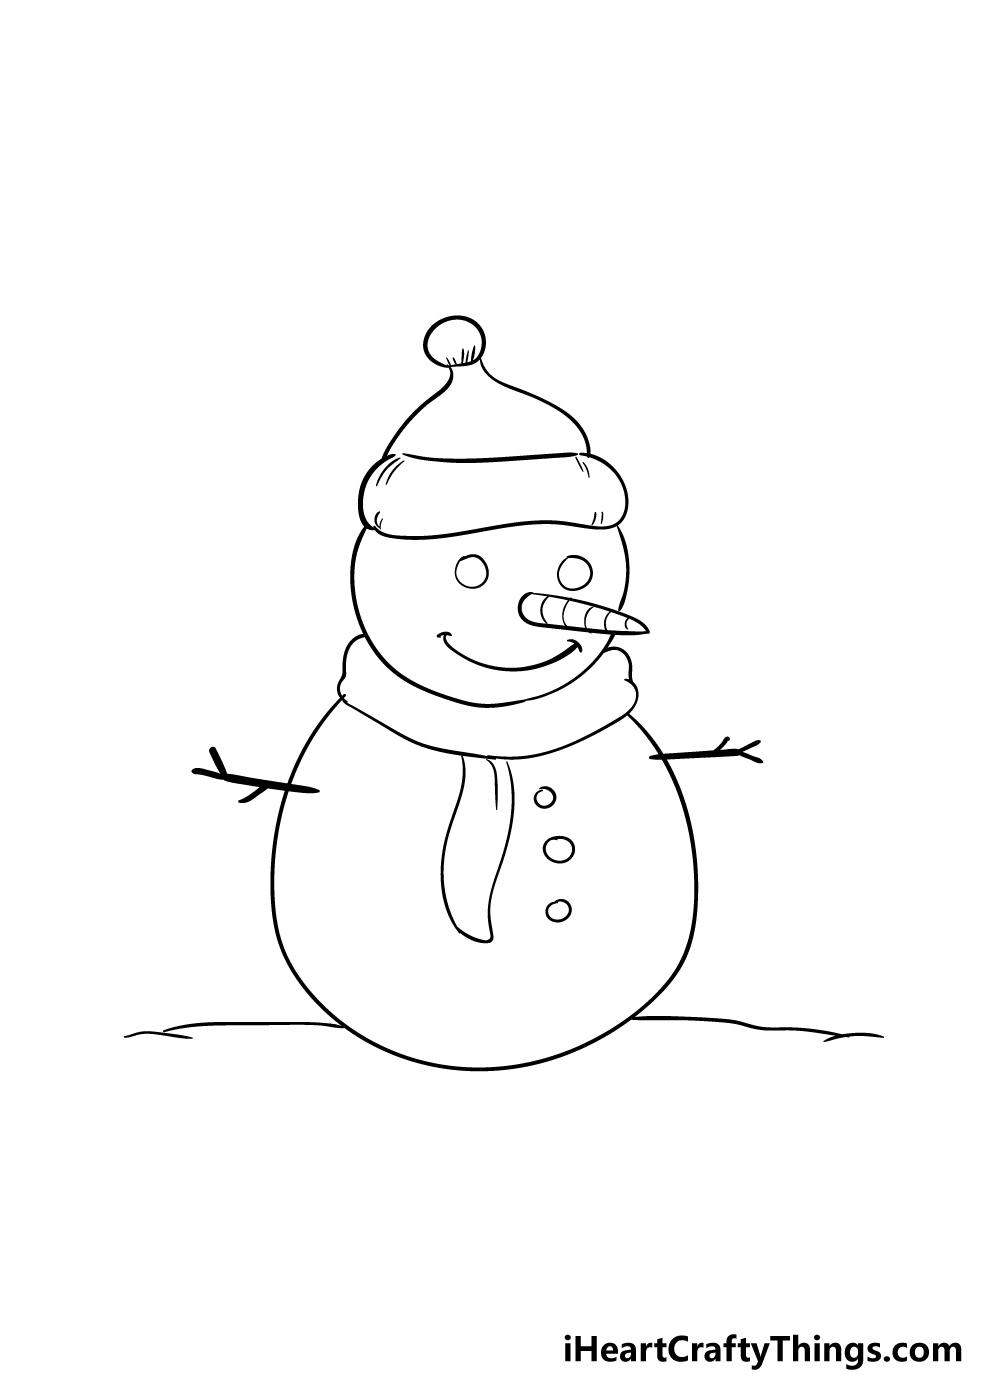 snowman drawing step 6
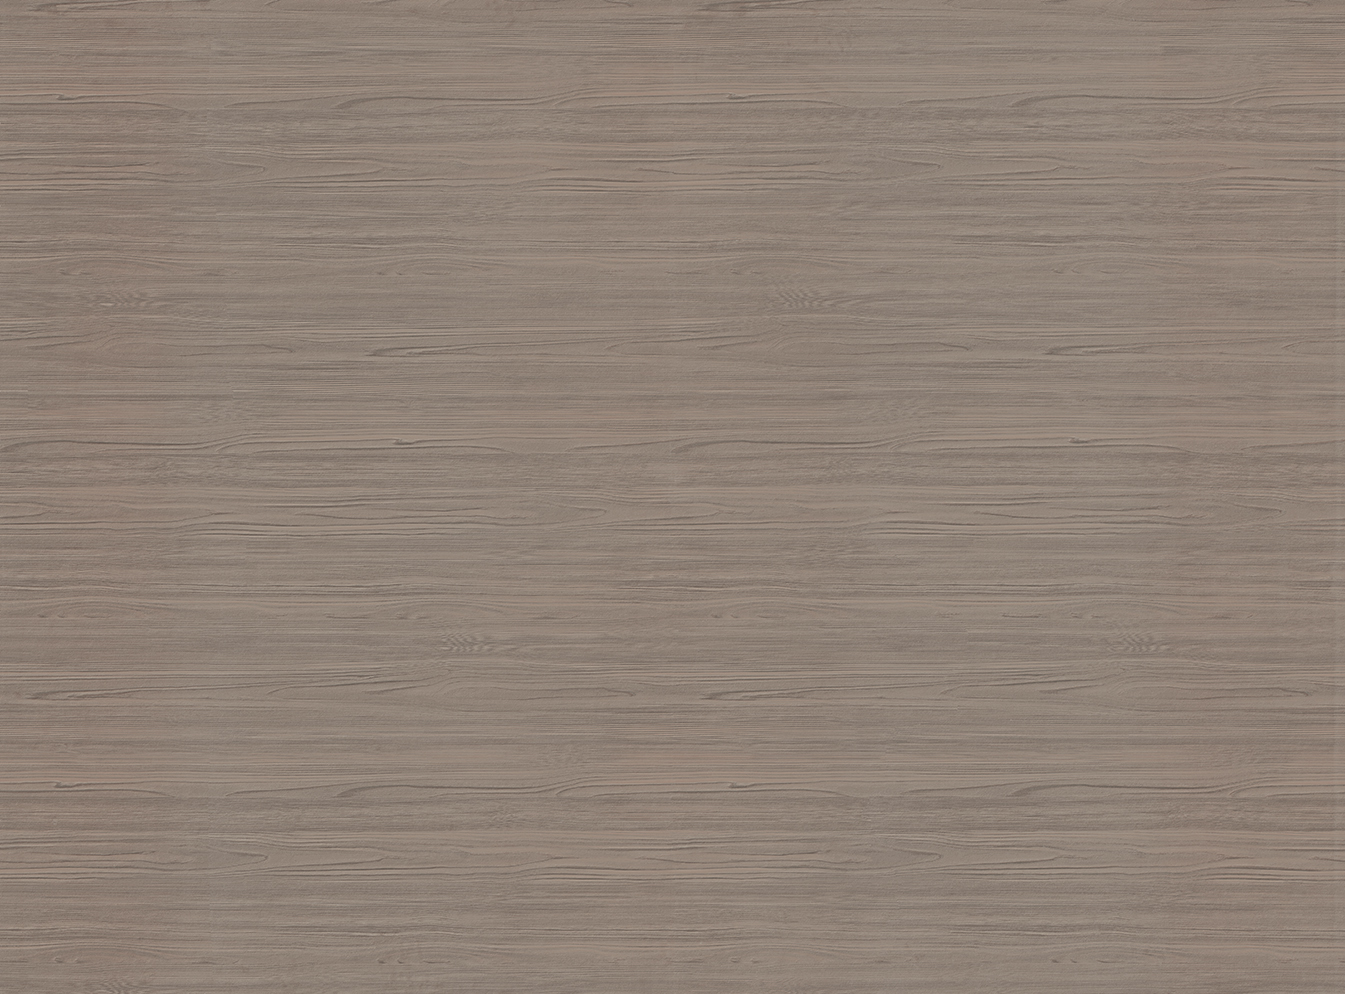 Лента AБC S136 23/1 Esperia
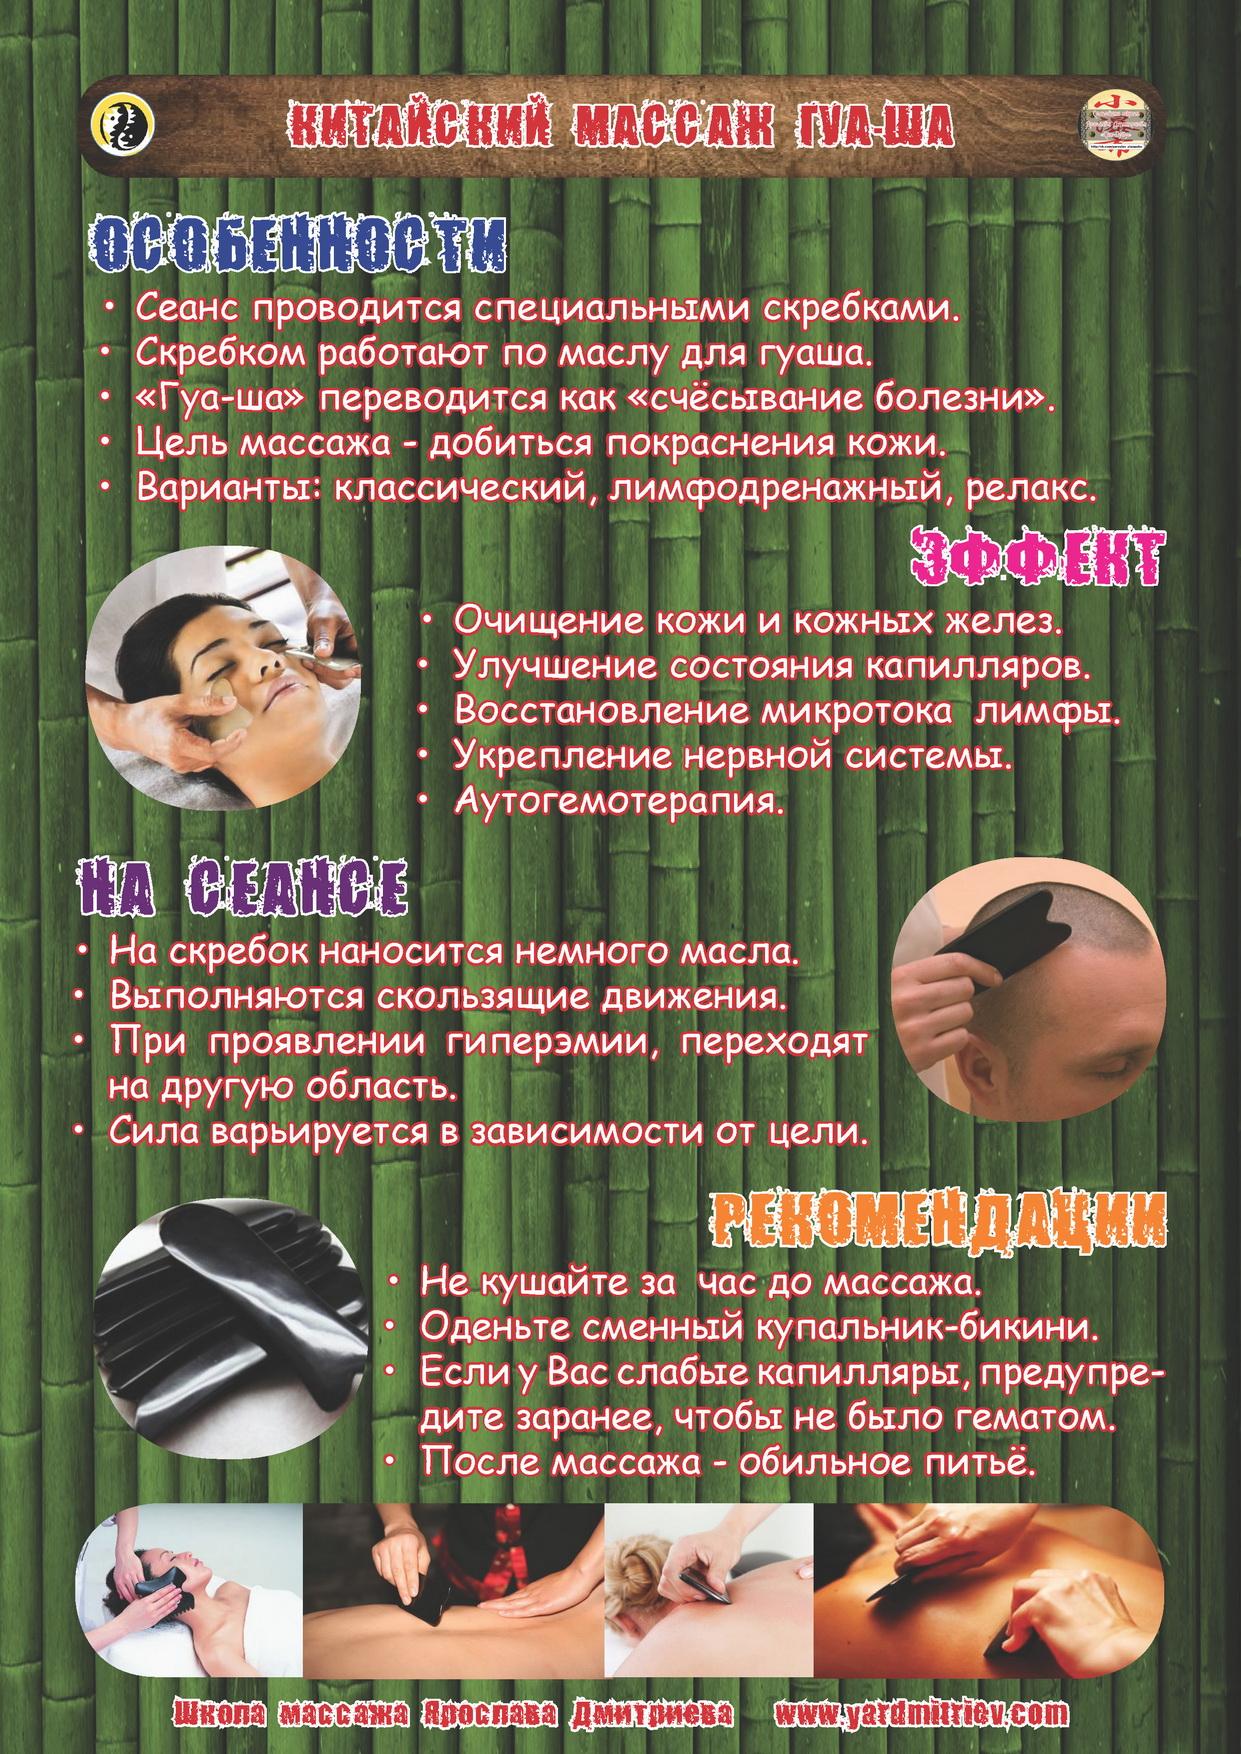 Китайский массаж гуа-ша

———

Work required -> What is needed is an exact copy of the data, with the pictures removed.

Answer to the problem ->
 snowman drawing step 6
 Лента AБC S136 23/1 Esperia
 Китайский массаж гуа-ша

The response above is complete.